>>

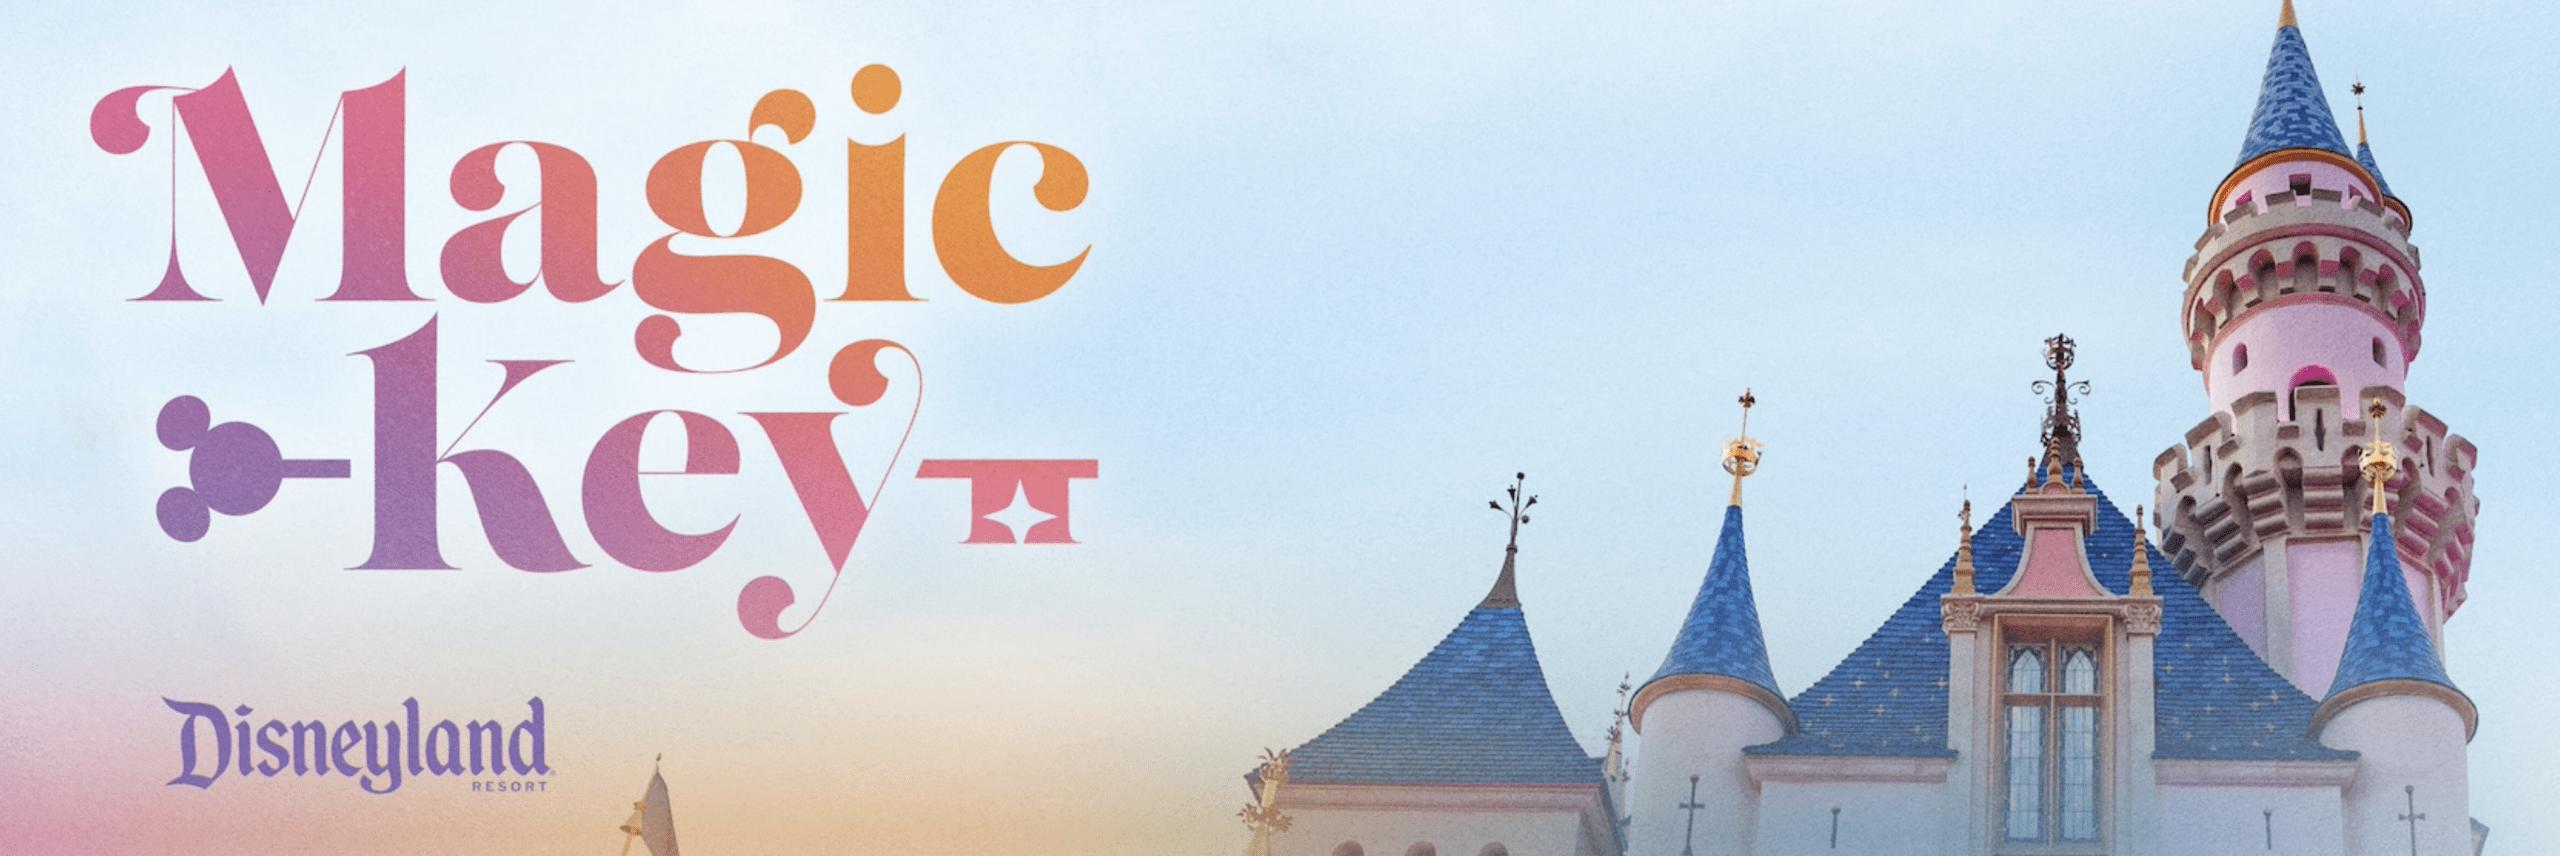 Disneyland Magic Key Annual Pass Program
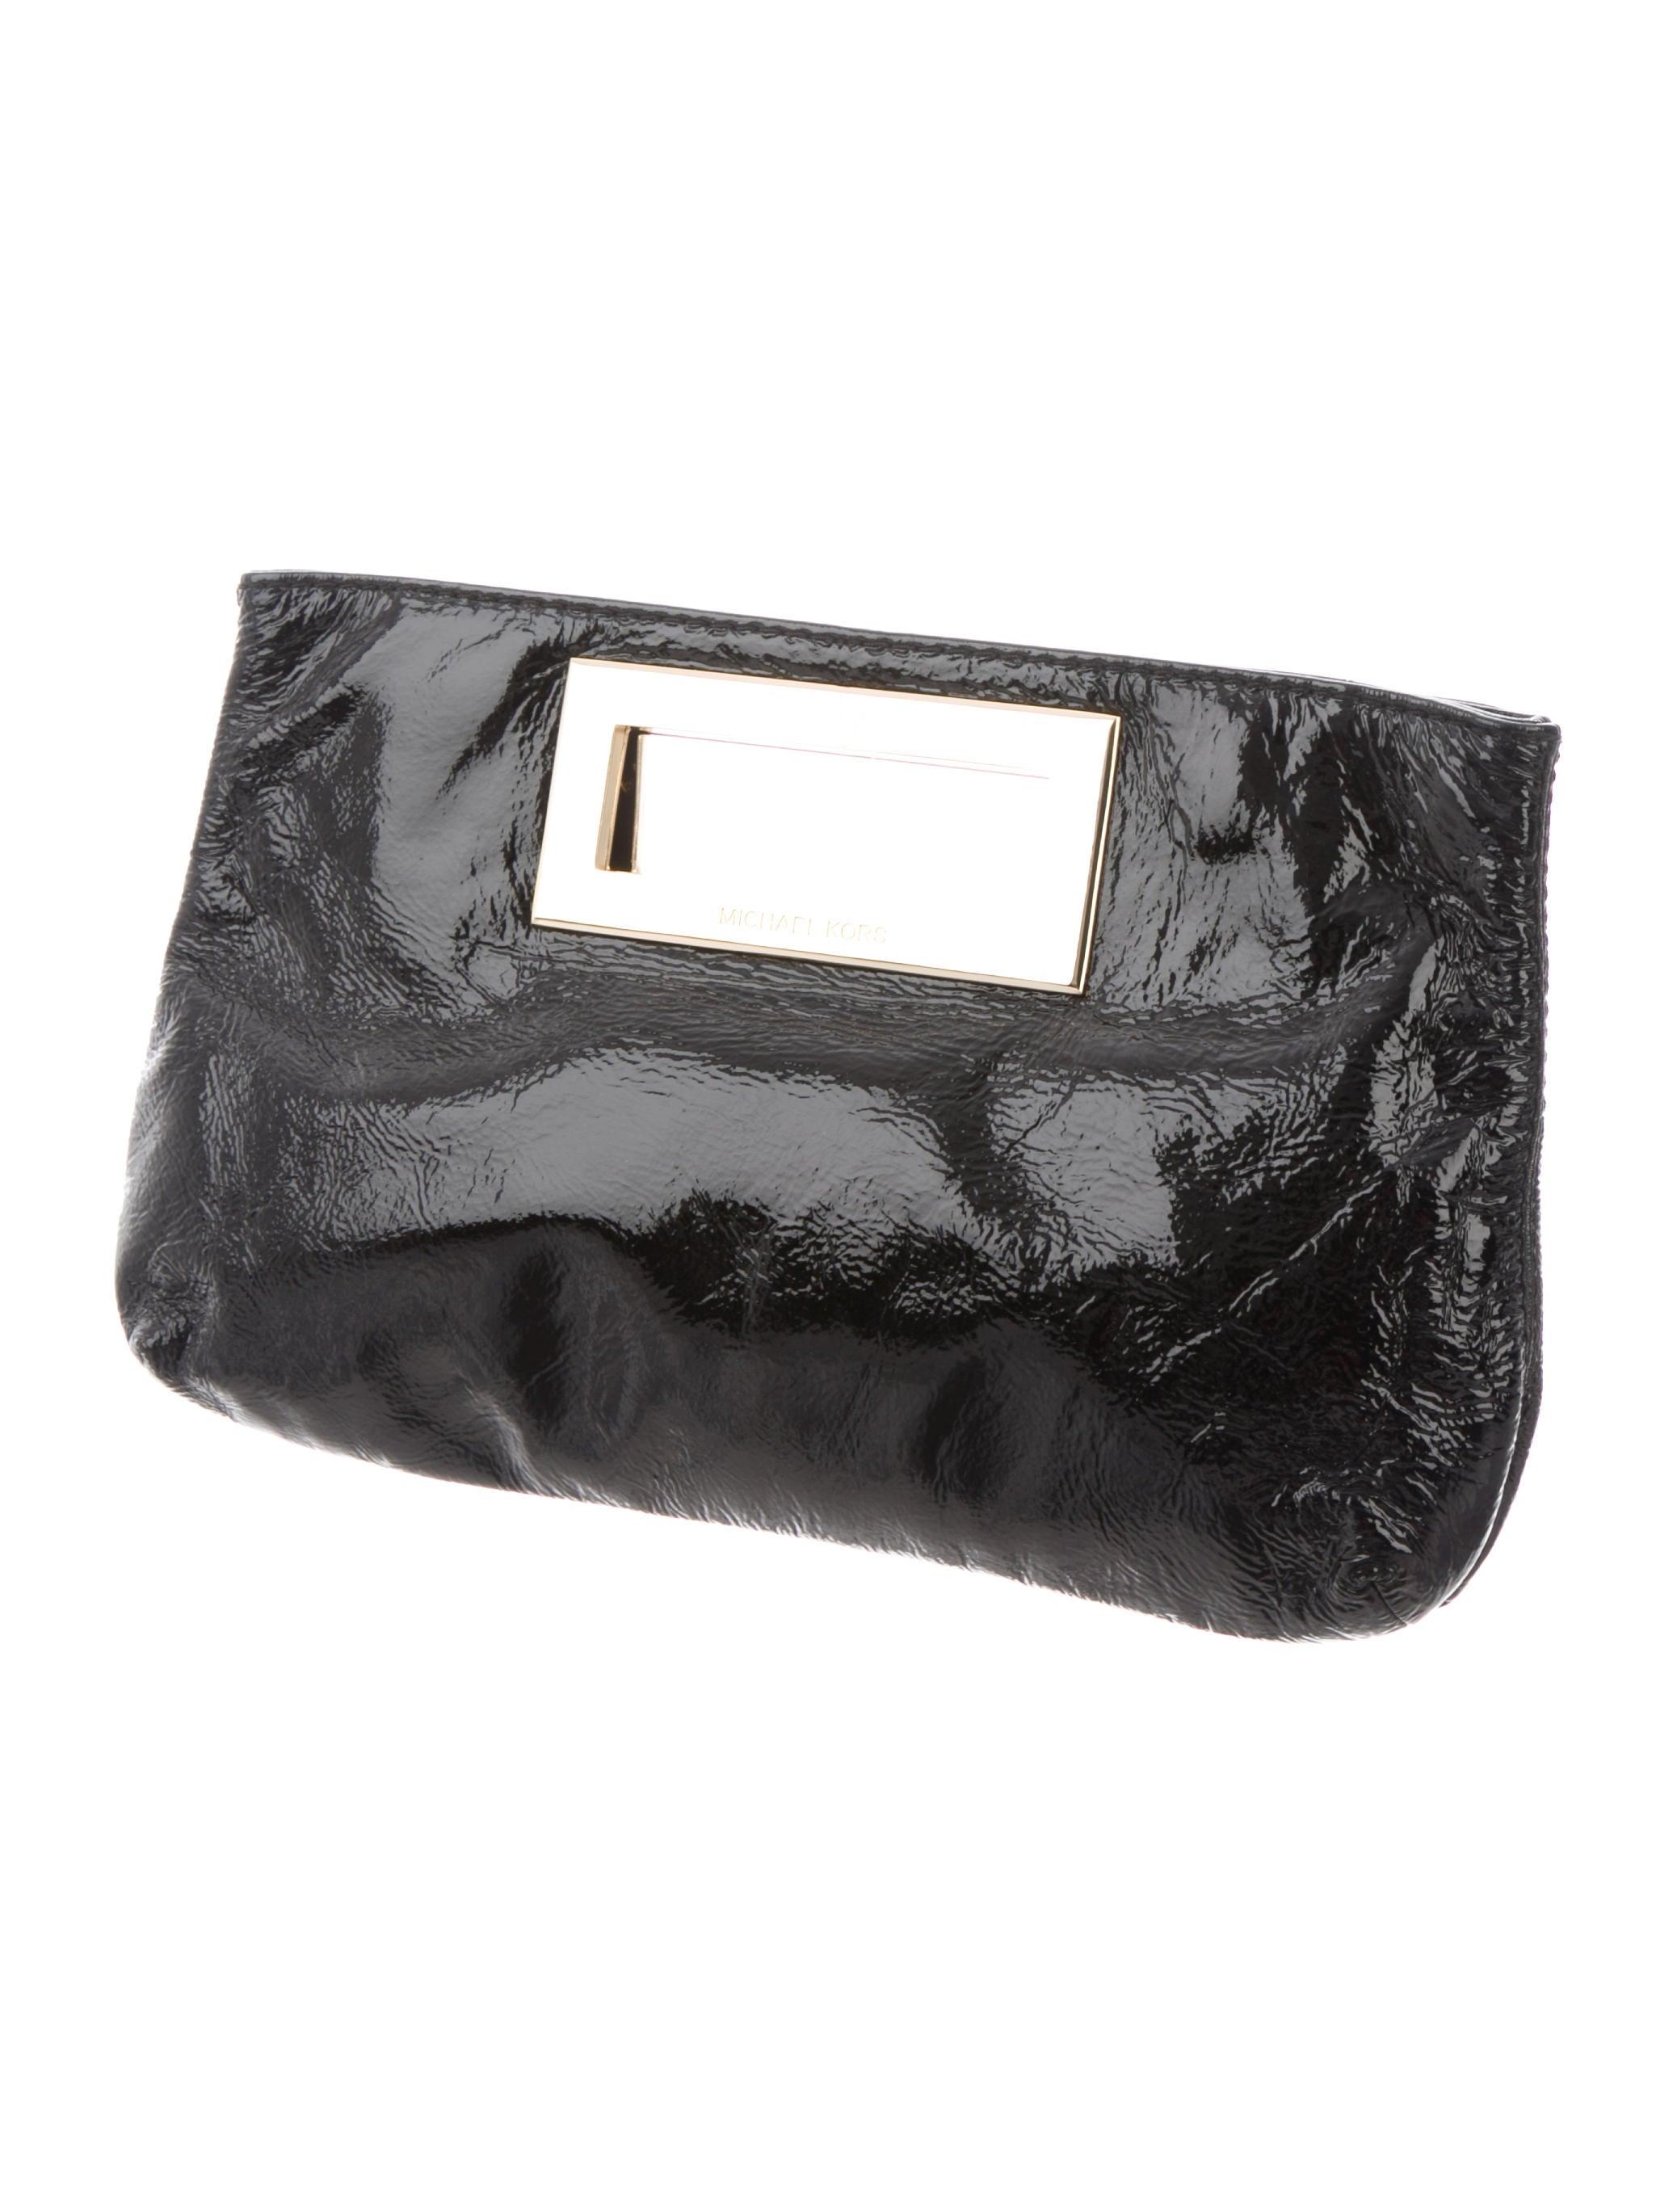 Michael Kors Patent Leather Purse - Best Purse Image Ccdbb.Org 7c86bfb38
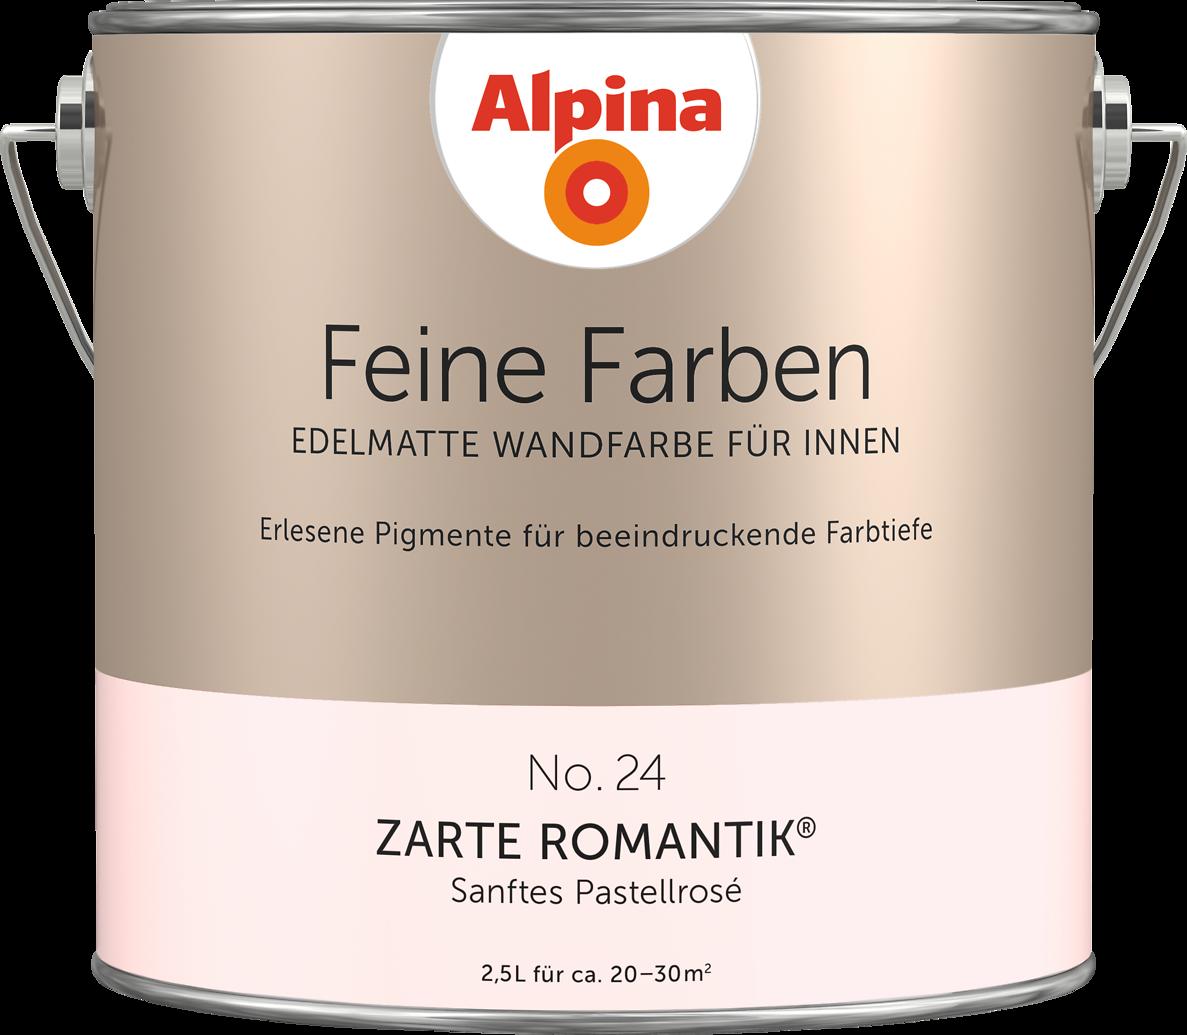 premium wandfarbe rot pastellros alpina feine farben zarte romantik alpina farben. Black Bedroom Furniture Sets. Home Design Ideas

<<

■ EXERCISE AIM
The material above is to be set down exactly, with pictures removed.

■ EXERCISE ANSWER
 Disneyland Magic Key Annual Pass Program
 Michael Kors Patent Leather Purse - Best Purse Image Ccdbb.Org 7c86bfb38
 premium wandfarbe rot pastellros alpina feine farben zarte romantik alpina farben. Black Bedroom Furniture Sets. Home Design Ideas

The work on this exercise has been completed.